EXERCISE AIM = Once the line containing "Cổng hỗ trợ thanh toán quốc gia - PAYGOV" is found in the records below, return it and each following line exactly, up to and including the line containing "Sponsorkatten Princess och", and nothing else.

MATERIAL FOR THIS EXERCISE =
• • • • •

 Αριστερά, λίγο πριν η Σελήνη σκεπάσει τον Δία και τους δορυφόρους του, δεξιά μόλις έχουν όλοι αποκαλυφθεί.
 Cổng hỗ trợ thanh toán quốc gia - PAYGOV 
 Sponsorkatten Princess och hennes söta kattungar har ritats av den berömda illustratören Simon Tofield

• • • • •

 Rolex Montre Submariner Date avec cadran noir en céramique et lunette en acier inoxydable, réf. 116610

• • • • •

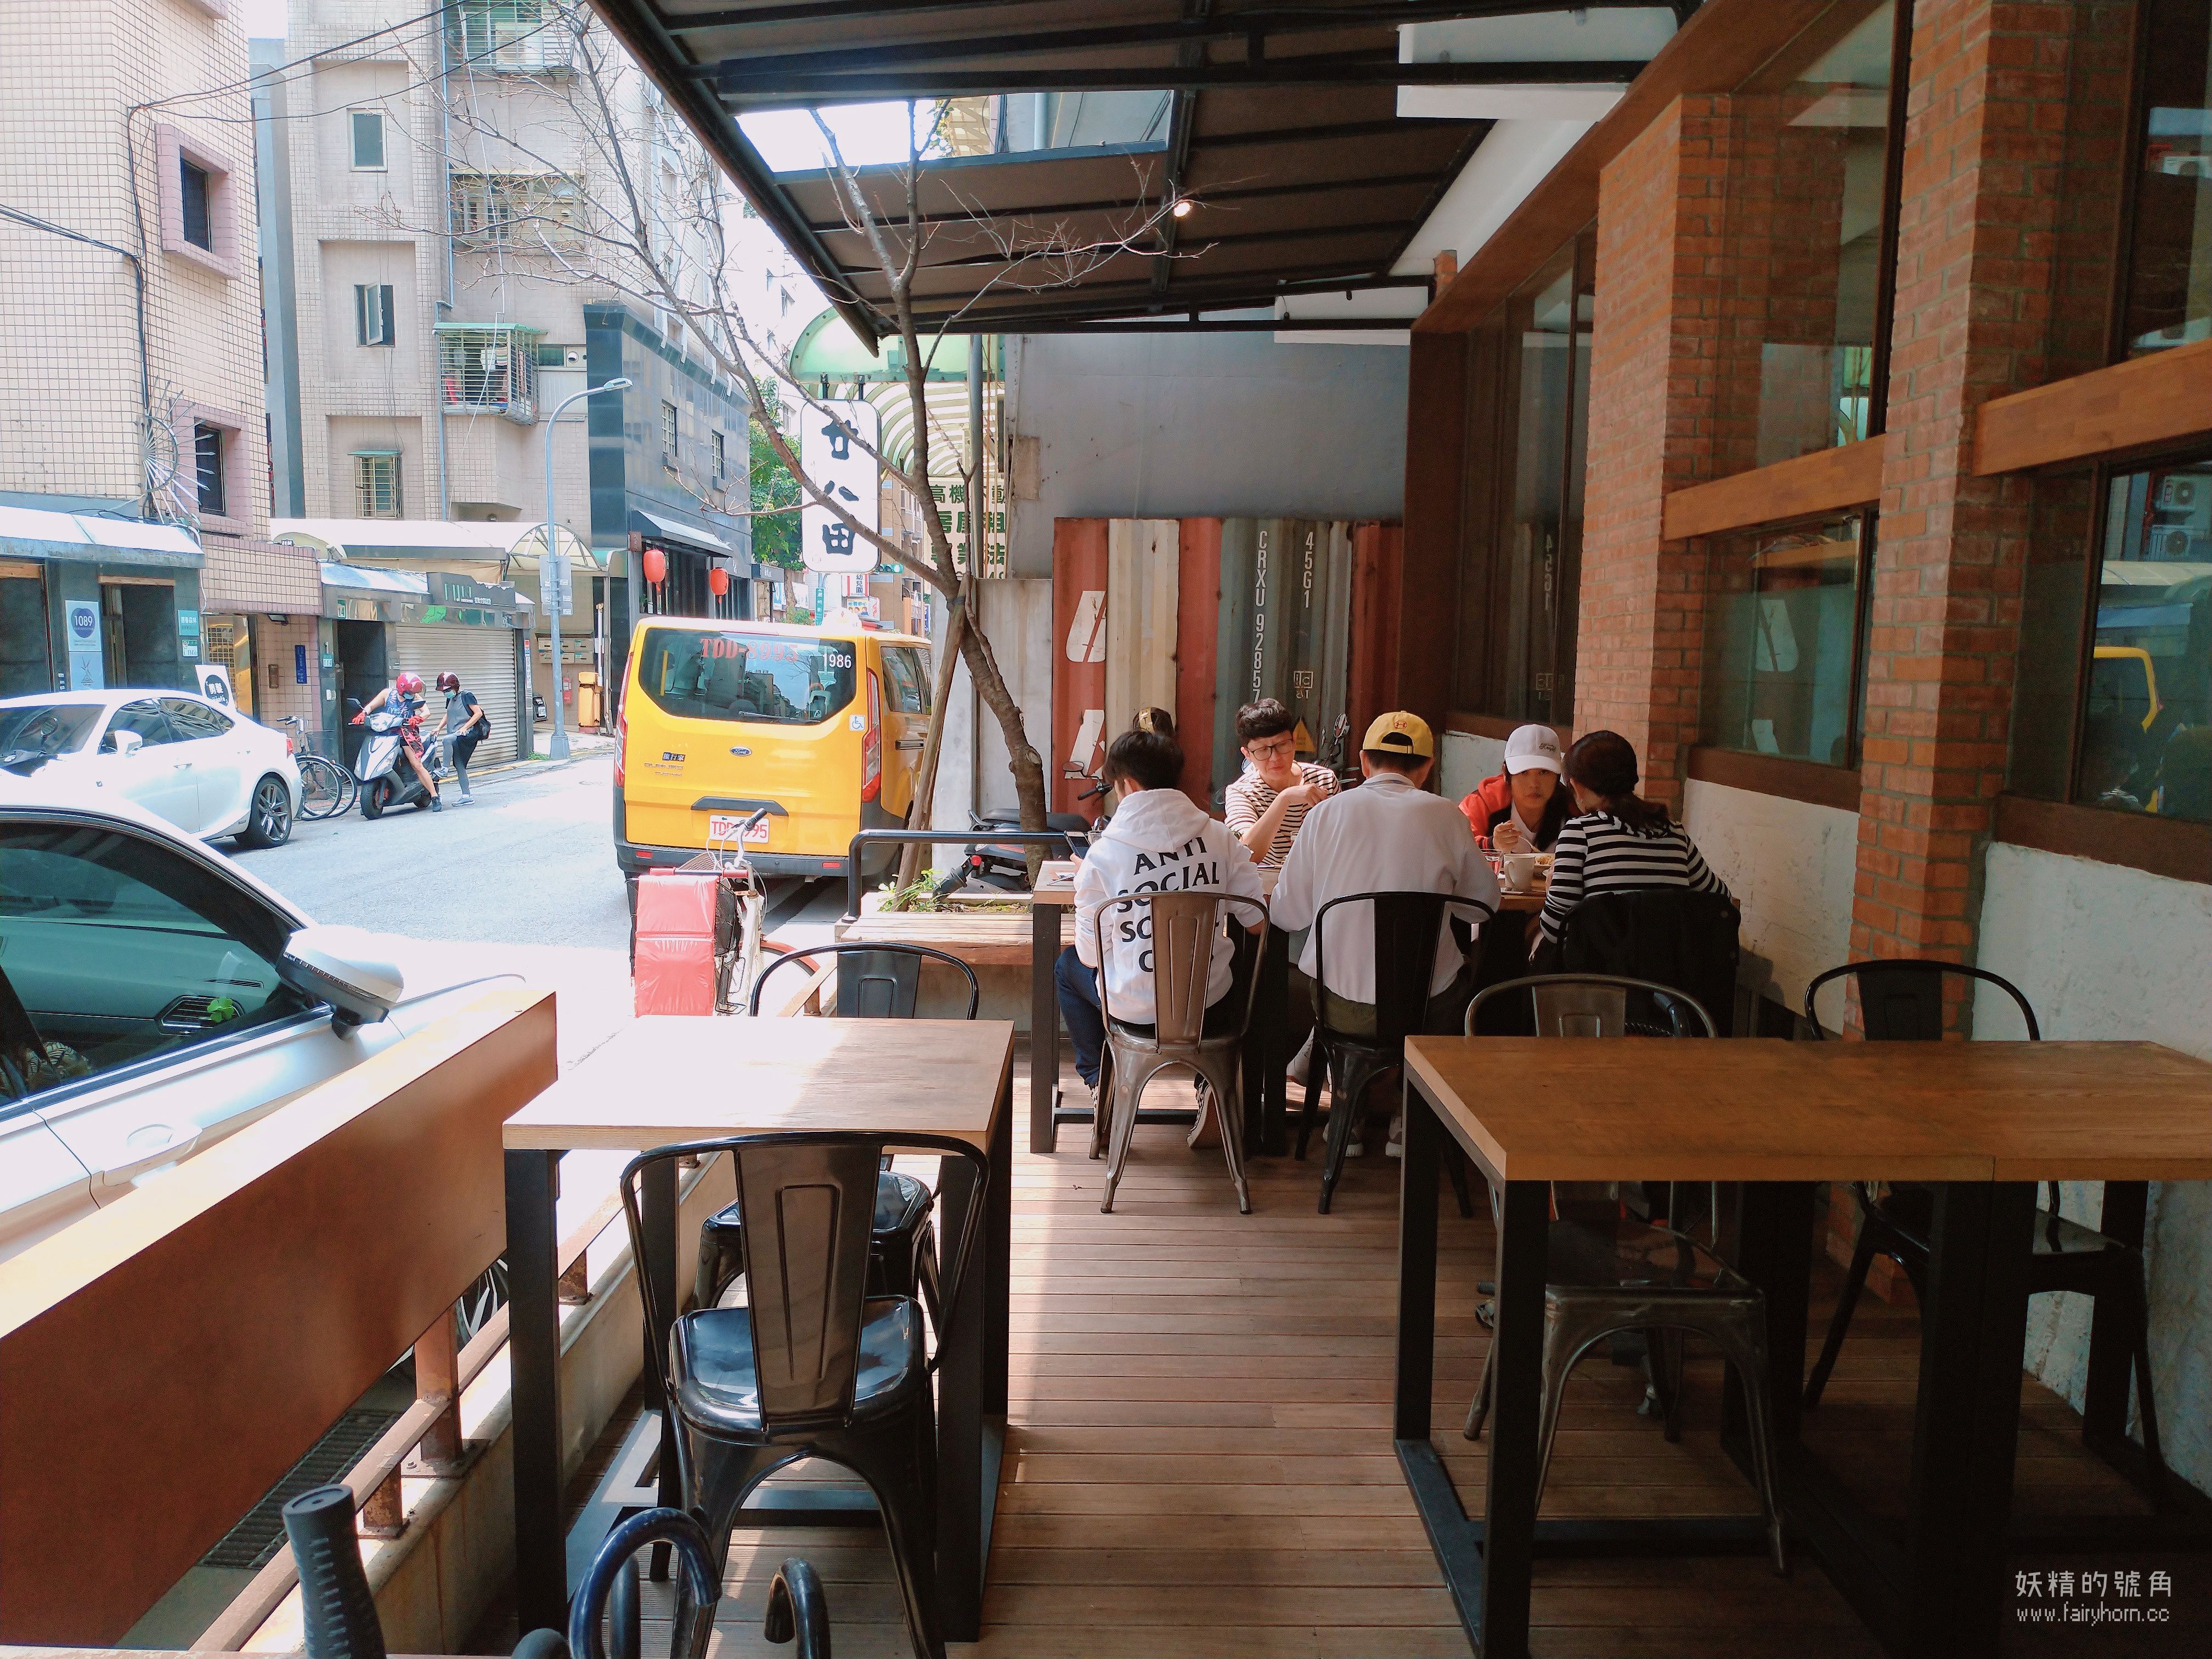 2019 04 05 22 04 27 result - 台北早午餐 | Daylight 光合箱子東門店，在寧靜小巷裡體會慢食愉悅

• • • • •

ANSWER BOX =
 Cổng hỗ trợ thanh toán quốc gia - PAYGOV 
 Sponsorkatten Princess och hennes söta kattungar har ritats av den berömda illustratören Simon Tofield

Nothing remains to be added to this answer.